• The task: Only the pictures are to be left out; please reproduce everything else in the data exactly.

• Data below:
Content starts

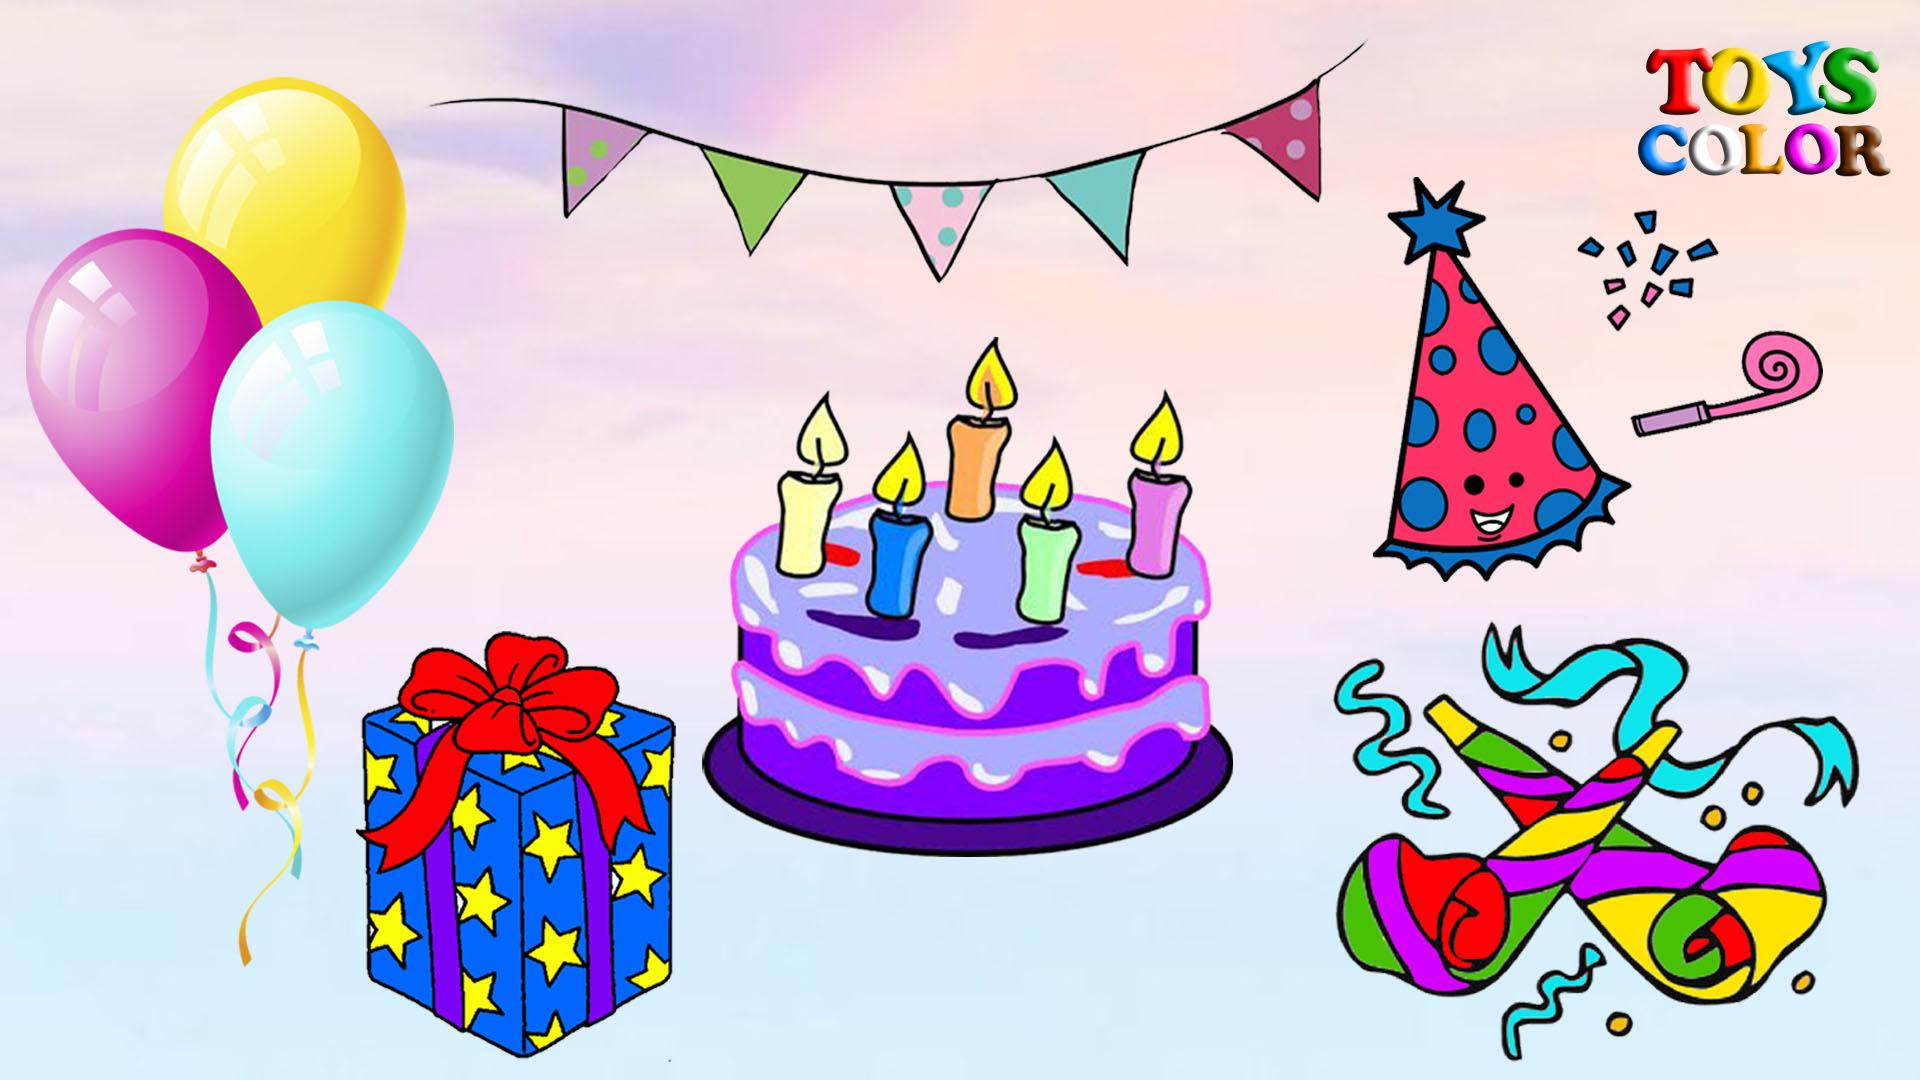 Cómo Dibujar una Fiesta de Cumpleaños para los Niños, Dibujos para Colorear Pastel, Regalos, Sombrero, Toys Color
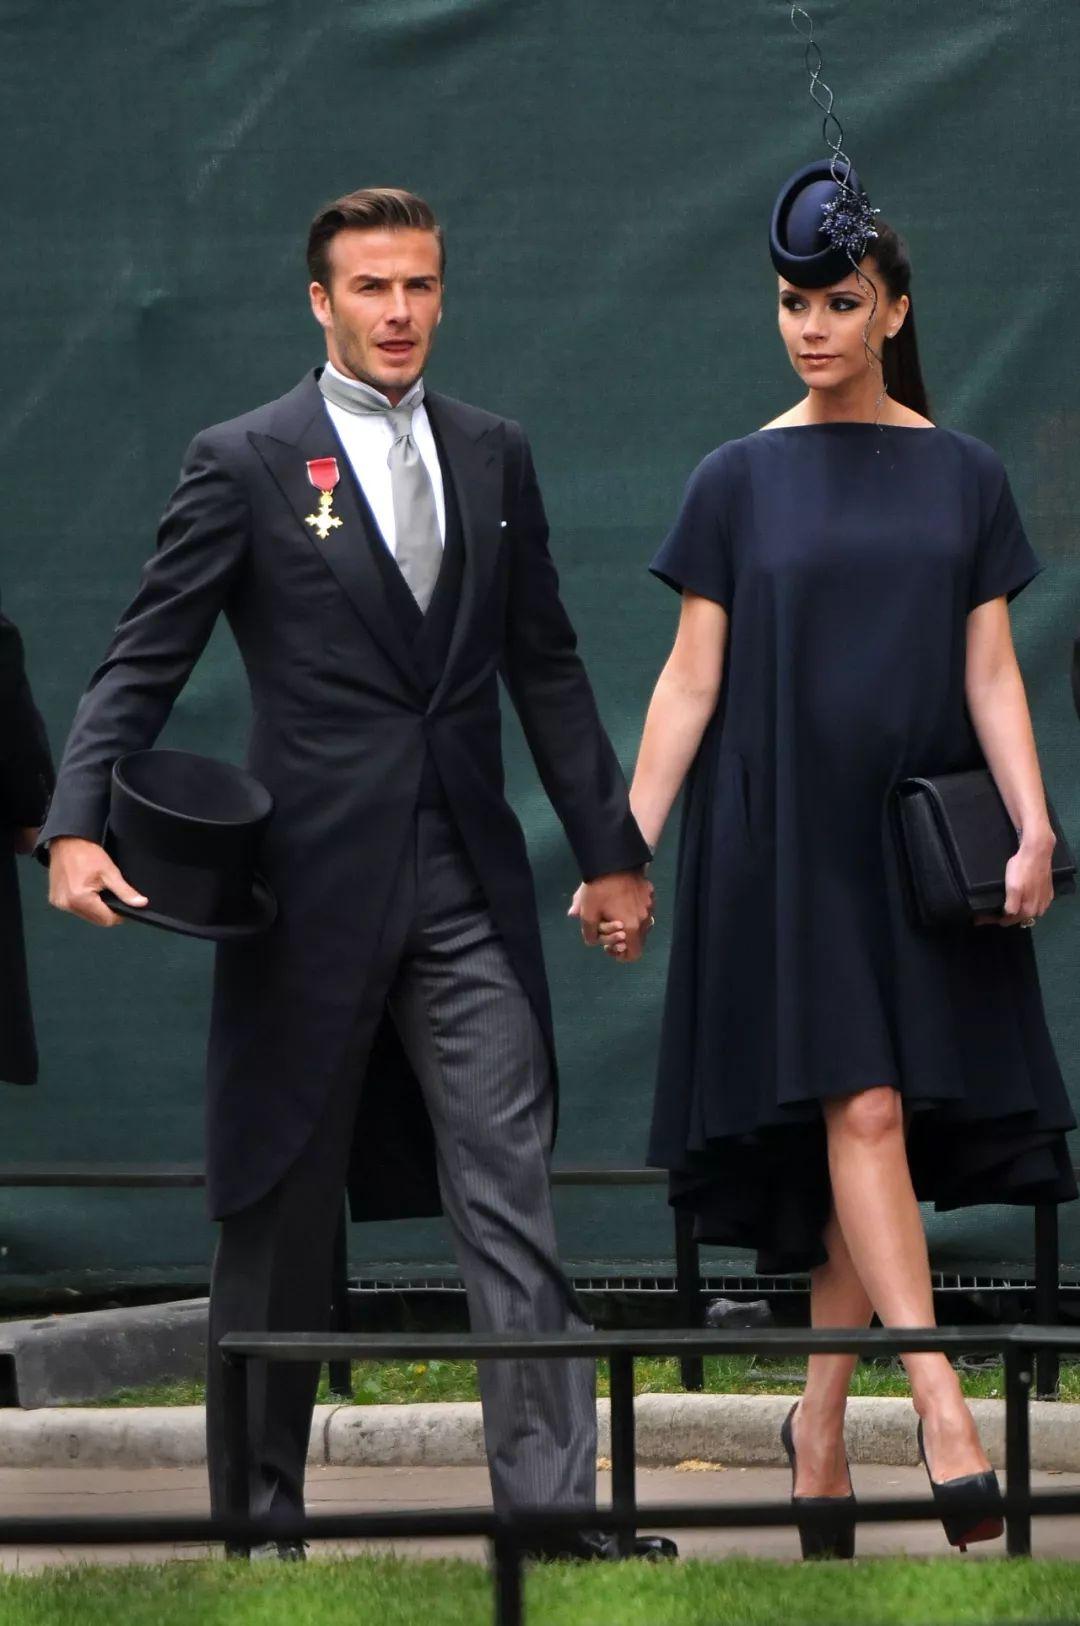 从英国皇室婚礼,你必须学的4个男士着装礼仪
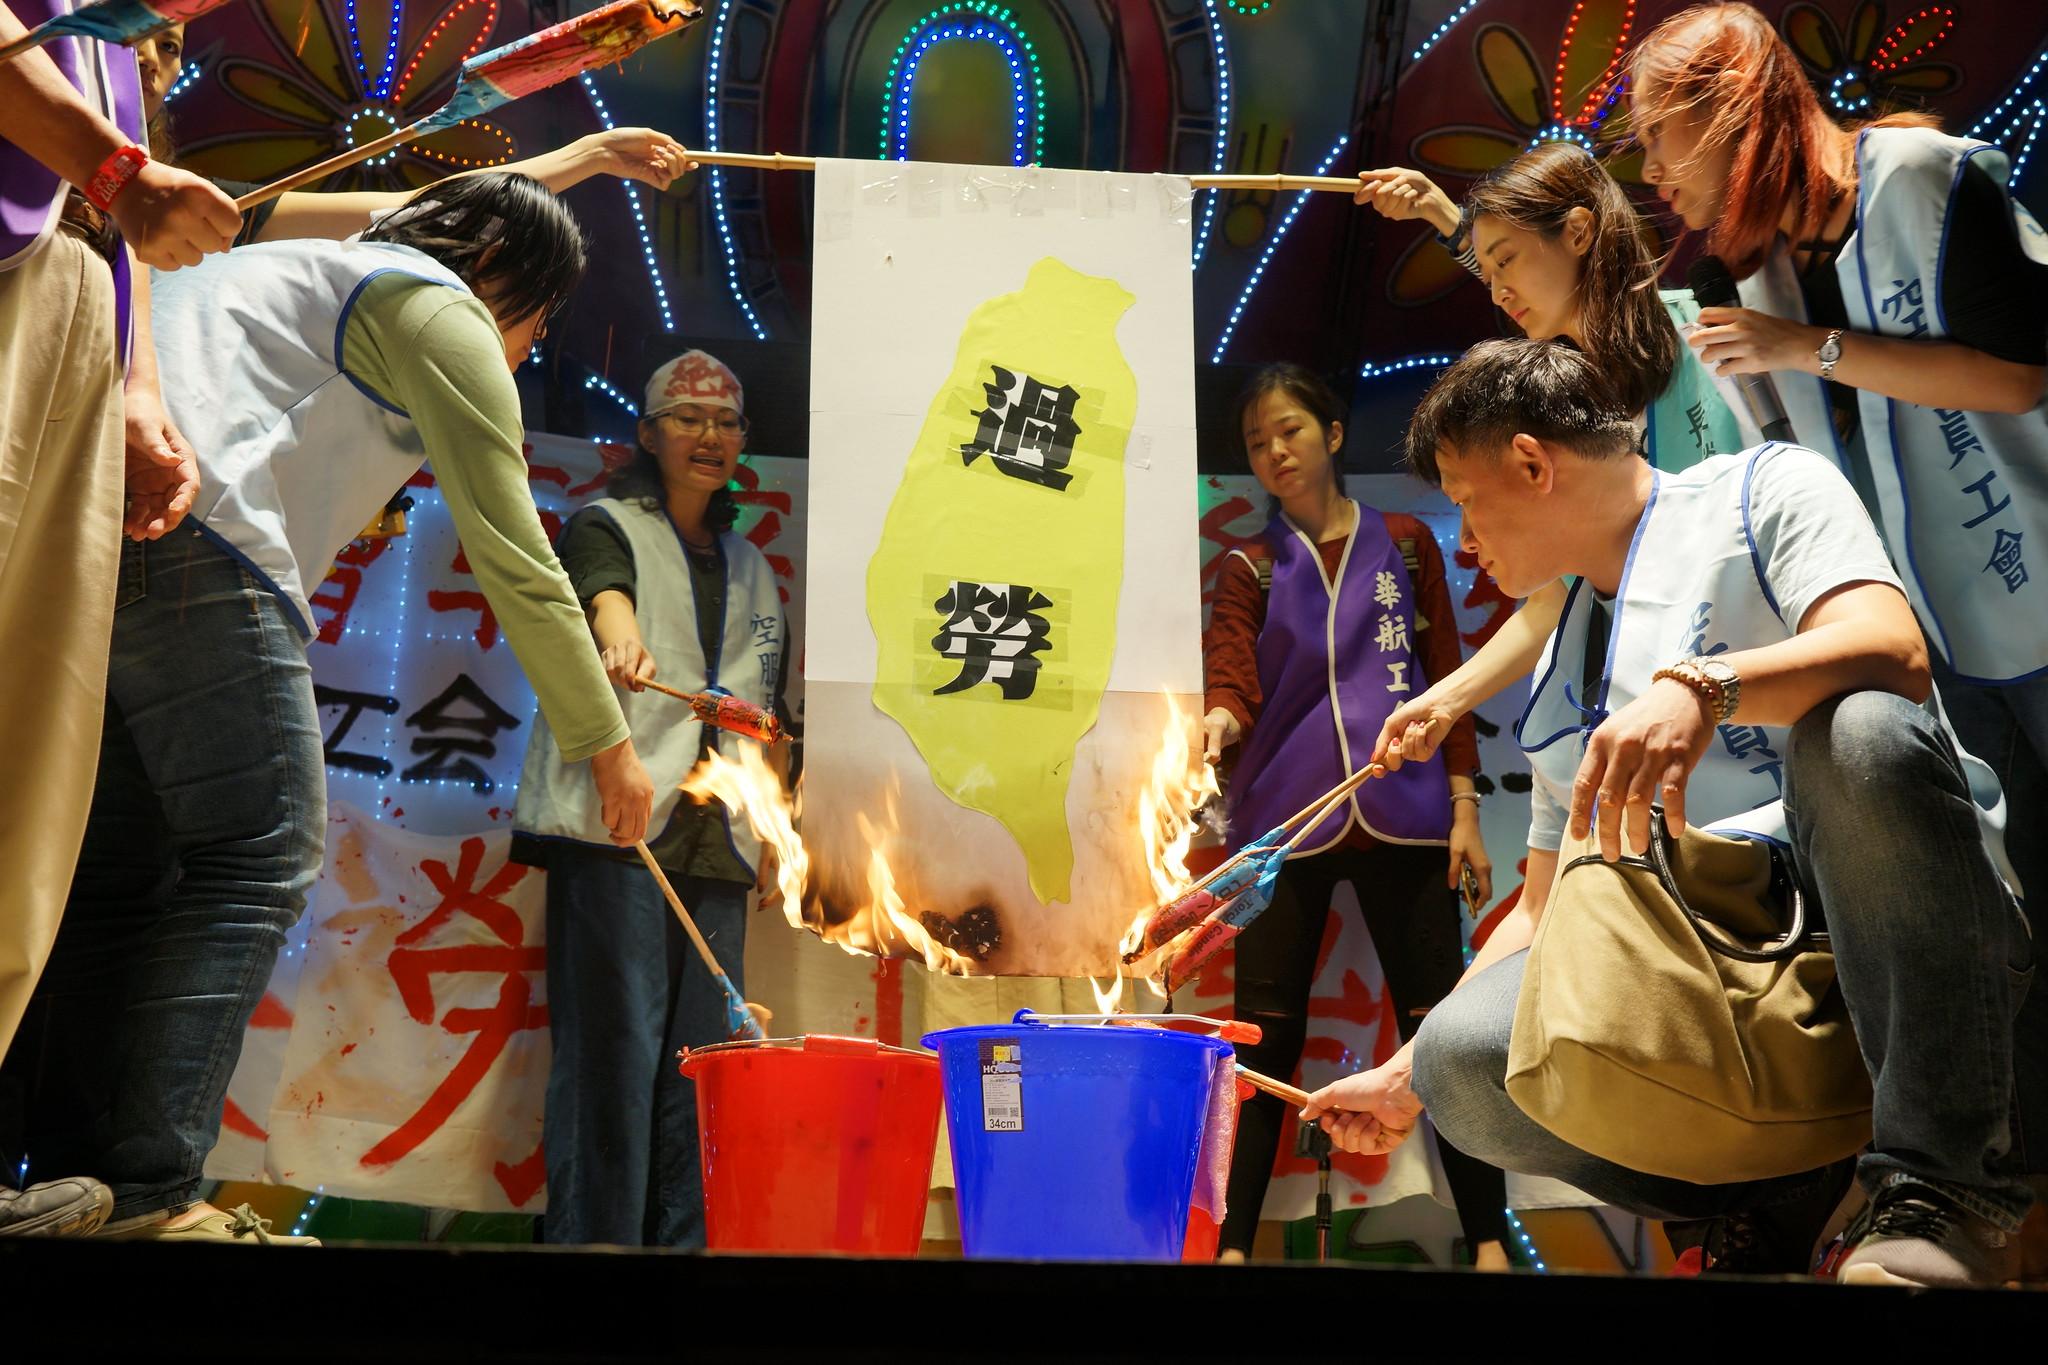 航空業晚會上,工會焚燒「過勞台灣」宣誓反對修惡《勞基法》。(攝影:王顥中)

Content ends

• Result of the exercise:
 Cómo Dibujar una Fiesta de Cumpleaños para los Niños, Dibujos para Colorear Pastel, Regalos, Sombrero, Toys Color
 从英国皇室婚礼,你必须学的4个男士着装礼仪
 航空業晚會上,工會焚燒「過勞台灣」宣誓反對修惡《勞基法》。(攝影:王顥中)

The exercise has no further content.